KARACHI: The auction of Pakistan Investment Bonds (PIBs) saw a significant 335 basis points drop in the cut-off yield for the three-year tenor, while the government borrowed less than 50 per cent of the target on Thursday.

The sharp reduction in the interest rates amid receding inflation has changed the scenario. The government rejected all bids for treasury bills auction just a day before. This was a clear signal to the financial market that the government was trying to reduce the cost of borrowing, which eats up the entire tax revenue collection in servicing its massive debt.

The interbank market was over-liquid after the rejection of all bids for T-bills.

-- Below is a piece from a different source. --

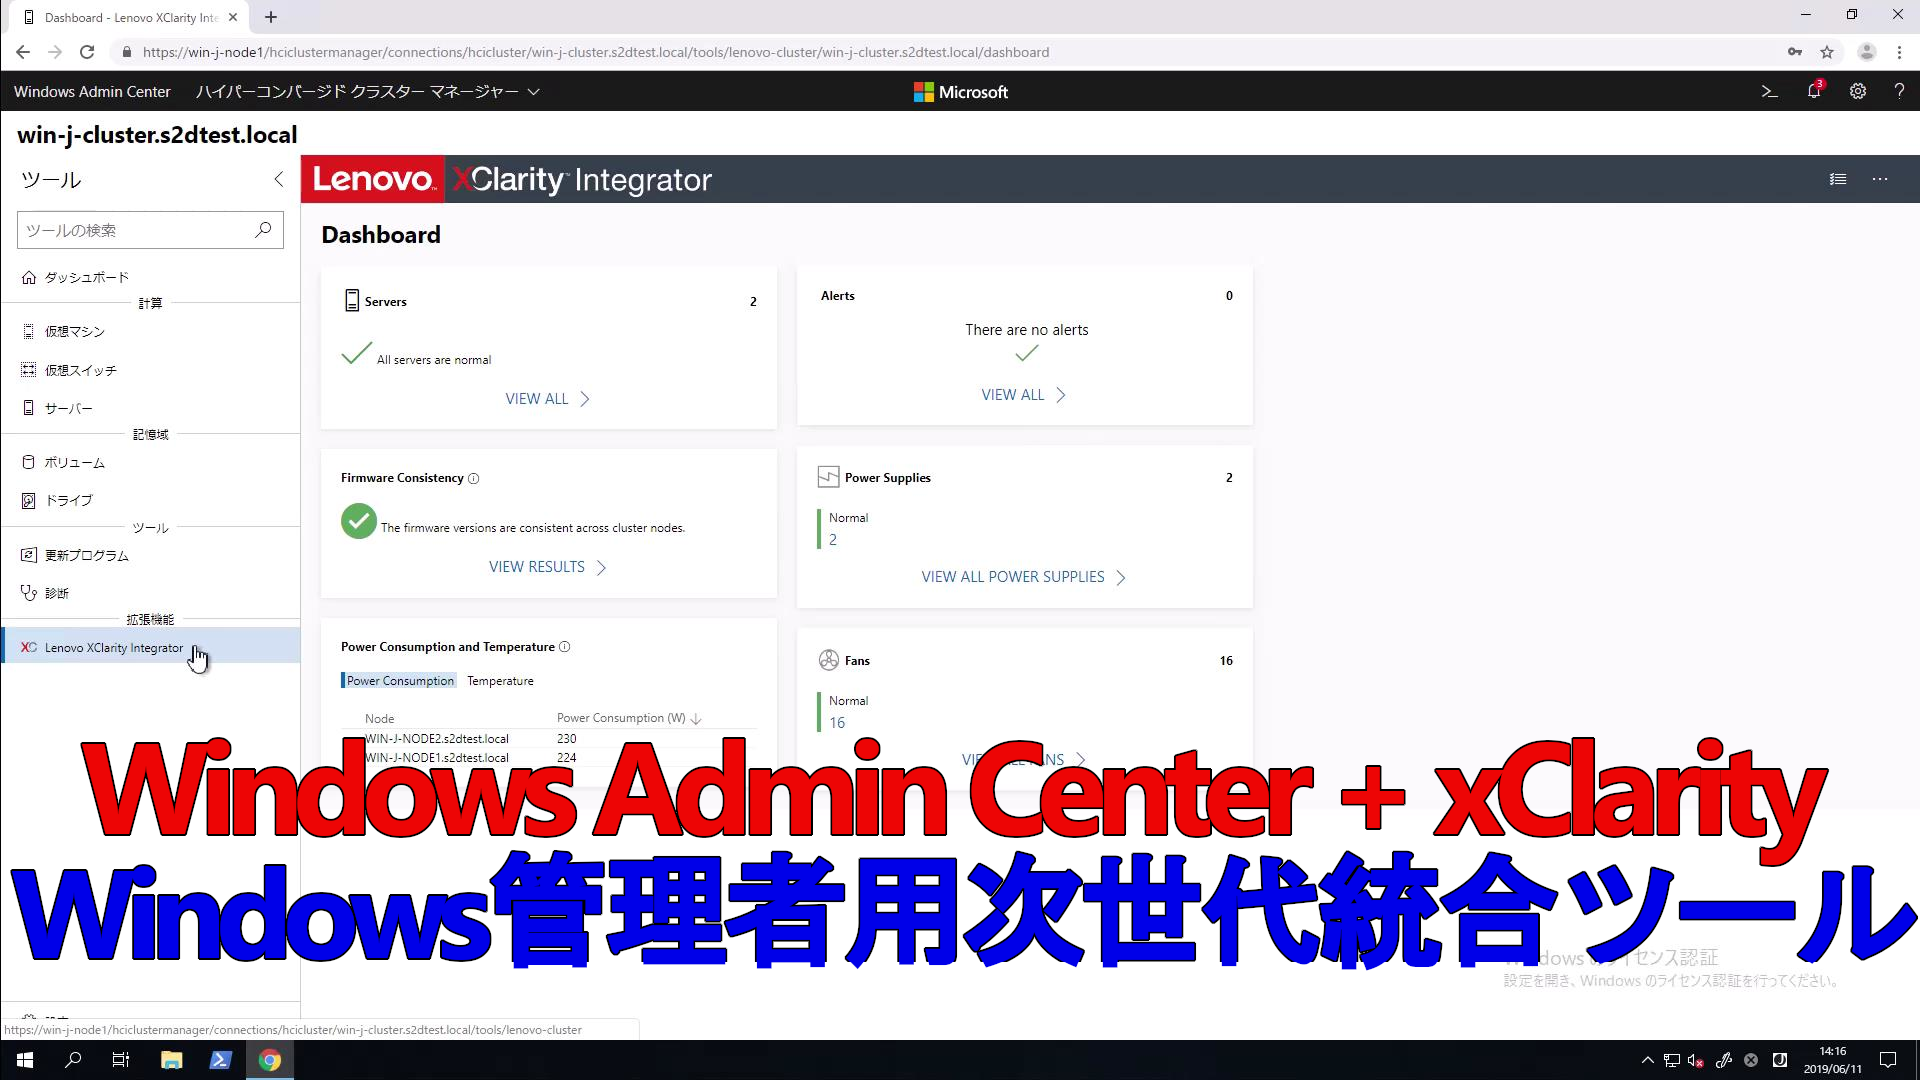 Windows Admin Center概要とXClarityとの連携

The State Bank of Pakistan reported that the government raised Rs83.3 billion in Thursday’s fixed local currency bond/PIB auction against the target of Rs200bn. Return on the three-year bond was cut by 335bps to 12.9pc.

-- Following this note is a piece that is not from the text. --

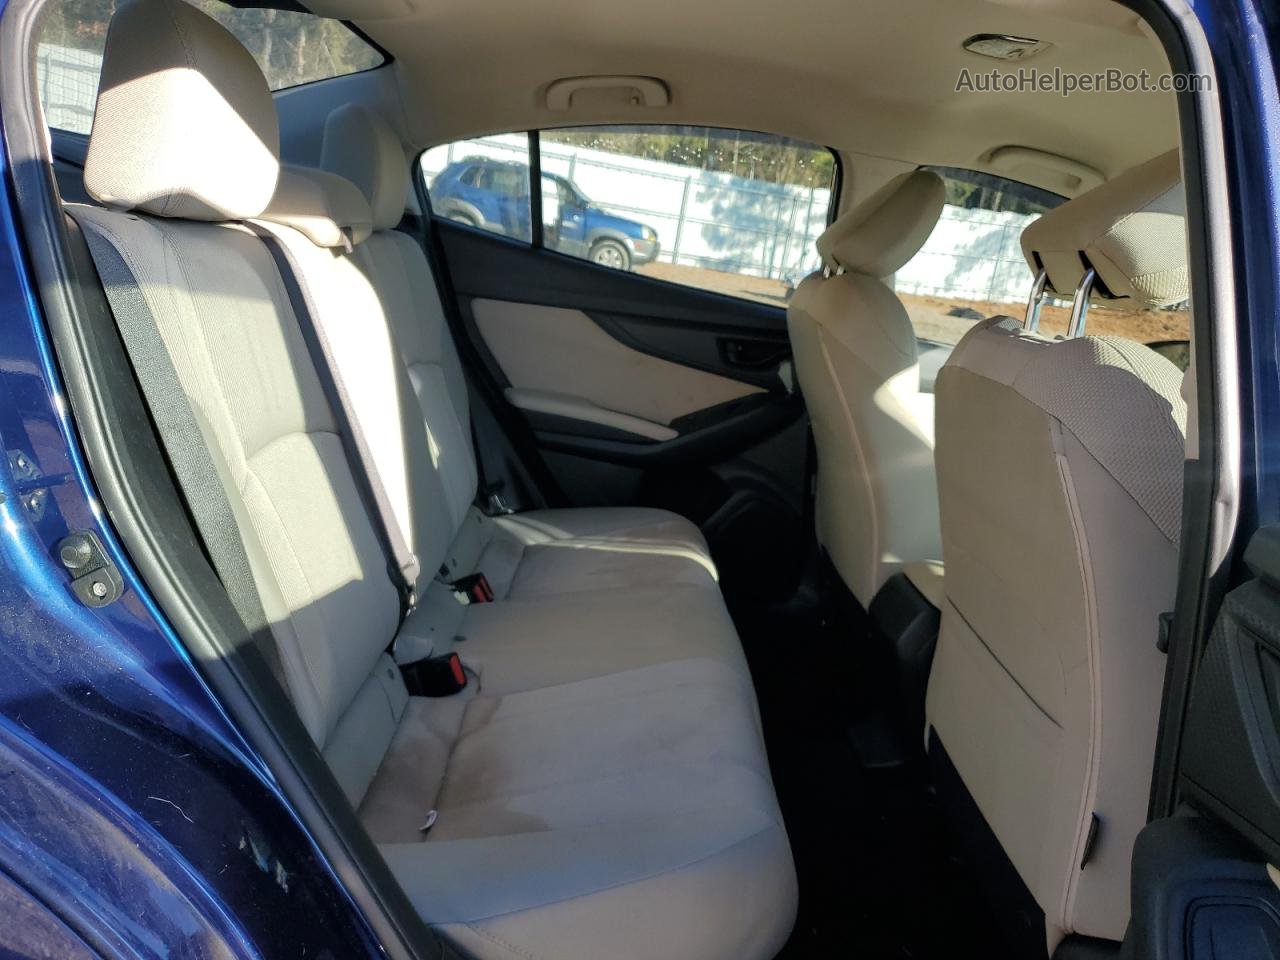 2018 Subaru Impreza  Синий vin: 4S3GKAA64J3617323

Govt raises just Rs83bn against an auction target of Rs200bn

“This clearly shows that the government is improving liquidity position,” said Topline Securities.

Interestingly, the cut-off yields on three-year bonds plunged to 12.9pc from 21pc, five-year tenor to 13.4pc from 18pc, and 10-year to 13.2pc from 16.6pc in one year.

The long-term borrowing would provide short-term relief to the government as it would not need to pay just next year; however, in the long term, it would create a massive burden on the economy. The PIBs are the largest part of the government’s domestic borrowing.

“It’s important to have a robust yield curve for the bond market. Rejecting yes­terday’s T-bills auction had a good effect on the market. The surplus liquidity and expectations of rapidly declining yields fetched a decent amount in longer tenors with some semblance of a yield curve,” said Faisal Mamsa, CEO of Tresmark.

Governments have been accumulating long-term PIBs to avoid immediate payments, which has resulted in huge PIBs as part of domestic debts.

Up to July, the total domestic debt of the central government was Rs47.7 trillion while the PIBs constituted Rs28.15tr.

“Yields declined significantly in today’s auction, with the three-year tenor witnes­sing a cut-off reduction of 335bps, reaching 12.9pc (lowest since March 2022) and the 5-year tenor seeing a reduction of 190bps, settling at 13.4pc (lowest after November 2022),” said a report of Arif Habib Ltd. Thursday’s auction also offered a two-year PIB, with a cut-off yield of 13.98pc.

The financial market was more intere­sted in seeing a trend in the next T-bills auction after a drastic reduction in the PIB rates and the next interest rate cut.

The SBP has cut its policy rate from 22pc to 17.5pc in three reviews since June. However, the business community is demanding another immediate cut of 300bps to revive economic activities, but the central bank remains cautious.